Map 1. Animation showing the change in the top average sea surface temperatures by year, from the years 1950 to 2017. As it is expected, the area along the equator has the highest average temperatures. Notice how the year 1950 has more lower temperatures and more locations on the top average temperatures than the year 2017. Each year has the top 200,000 readings averaged by location. The animation is showing an increase in sea surface temperature. The area in the Red Sea and the Persian Gulf stand out as the hotter places across all years.
Change of the highest averages per year and per location
For the range of 67 years for which the yearly sea surface temperature average was calculated, the following chart shows how the highest averages has changed.
Chart 1. Each point is a map coordinate that had one of the 200’000 top temperature averages for each year. The highest average temperatures in 1950 are more spread and range almost from the low 20s to the mid 30s. As years increase, average temperatures increase and comprise a lower range ending in between the top 20s to the mid 30s. The lowest top averages (bottom points in each year) increase as well. This is why we see more blue colored areas in Map 1 for the year 1950 and a concentration of high temperatures in determined areas for the year 2017.

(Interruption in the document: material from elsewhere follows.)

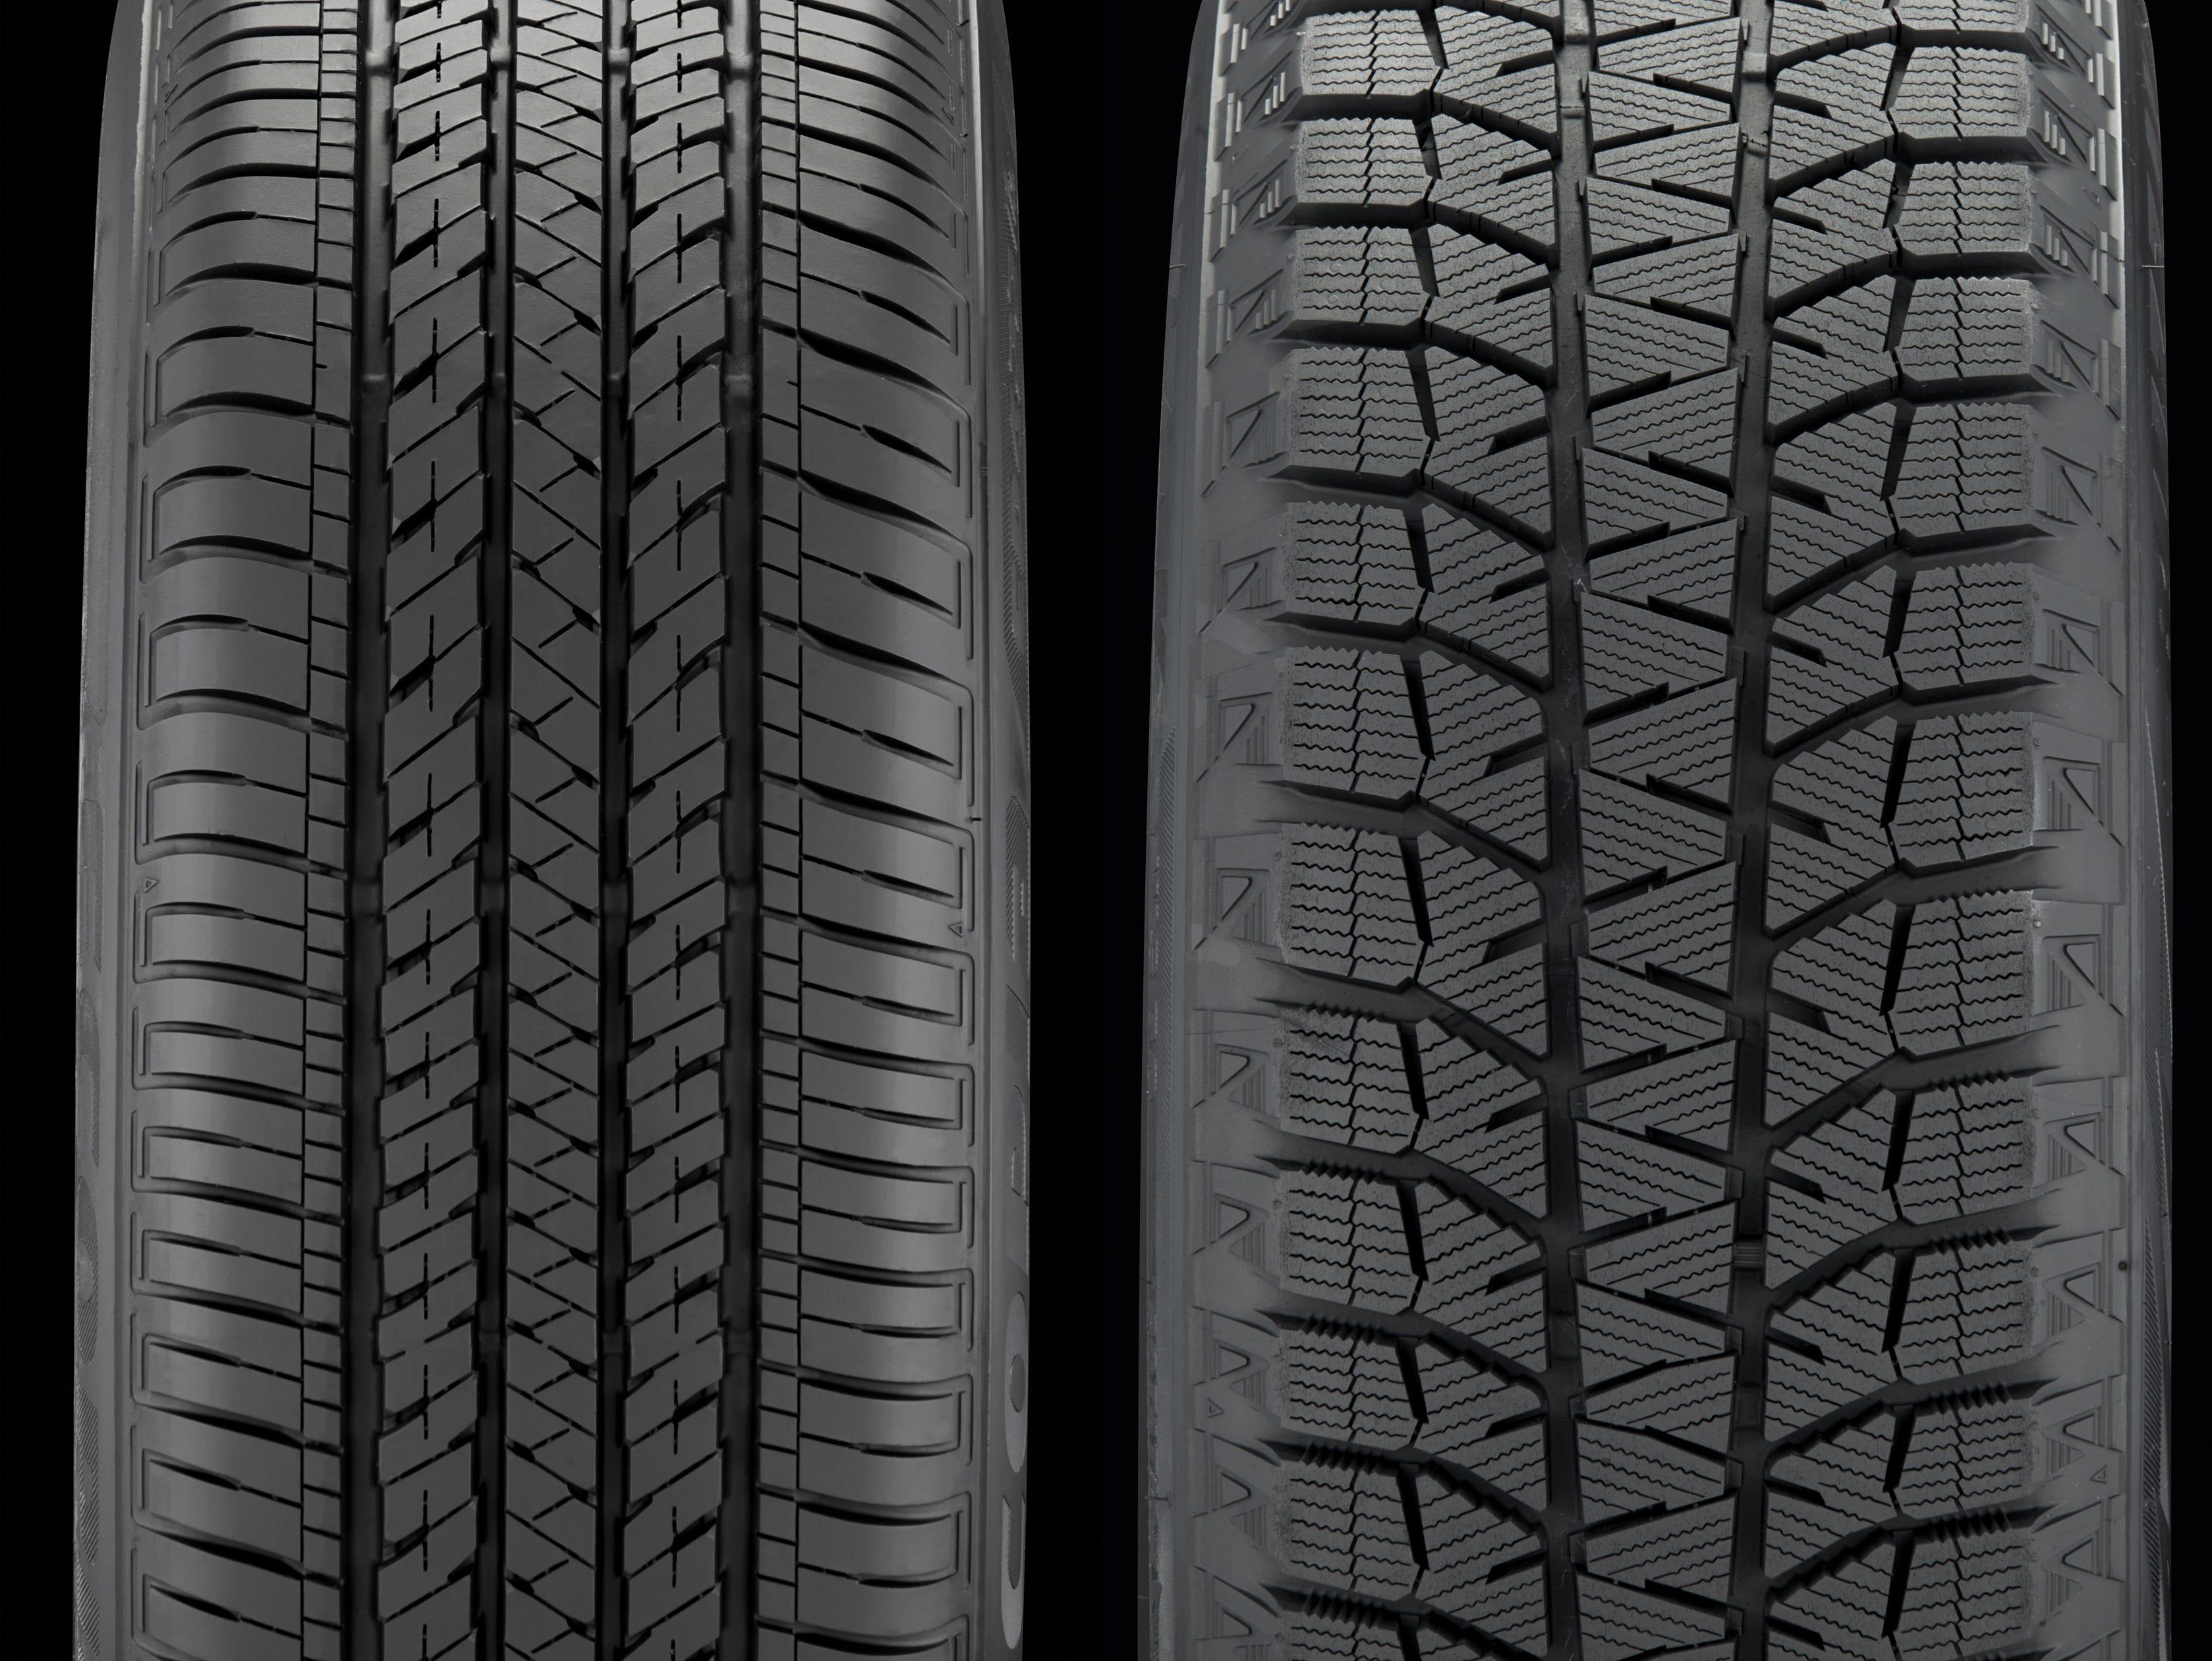 Bridgestone standard tire Ecopia EP422, left, and snow tire Blizzak Ws80, right.

The following visualization shows how temperature behaves as a function of location using longitude and latitude values:
Chart 2. By changing the longitude there isn’t much change for each temperature point. Longitudes, the imaginary lines moving East to West around Earth don’t vary a lot. Latitudes (lines going North to South), on the other hand, show different temperatures according to the value. Latitudes on the equator have higher temperatures than those in the Northern and Southern Hemispheres.
Methods of data collection for sea surface temperature
The temperature data was collected by different observation platforms using different methods. Here are the most used platforms and methods set appart.
Platforms used
Each platform is numbered in the NOAA database from 0 to 21 with the following legend:
- 0 : US Navy or “deck” log, or unknown
- 1 : merchant ship or foreign military
- 2 : ocean station vessel—off station or station proximity unknown
- 3 : ocean station vessel—on station
- 4 : lightship
- 5 : ship
- 6 : moored buoy
- 7 : drifting buoy
- 8 : ice buoy (note: currently unused)
- 9 : ice station (manned, including ships overwintering in ice)
- 10 : oceanographic station data (bottle and low-resolution CTD/XCTD data)
- 11 : mechanical/digital/micro bathythermograph (MBT)
- 12 : expendable bathythermograph (XBT)
- 13 : Coastal-Marine Automated Network (C-MAN) (NDBC operated)
- 14 : other coastal/island station
- 15 : fixed (or mobile) ocean platform (plat, rig)
- 16 : tide gauge
- 17 : high-resolution Conductivity-Temp.-Depth (CTD)/Expendable CTD (XCTD) 74
- 18 : profiling float
- 19 : undulating oceanographic recorder
- 20 : autonomous pinneped bathythermograph
- 21 : glider
With this information, we can examine which platforms were used for the collection of data for the sea surface temperature from the years 1950 to 2017.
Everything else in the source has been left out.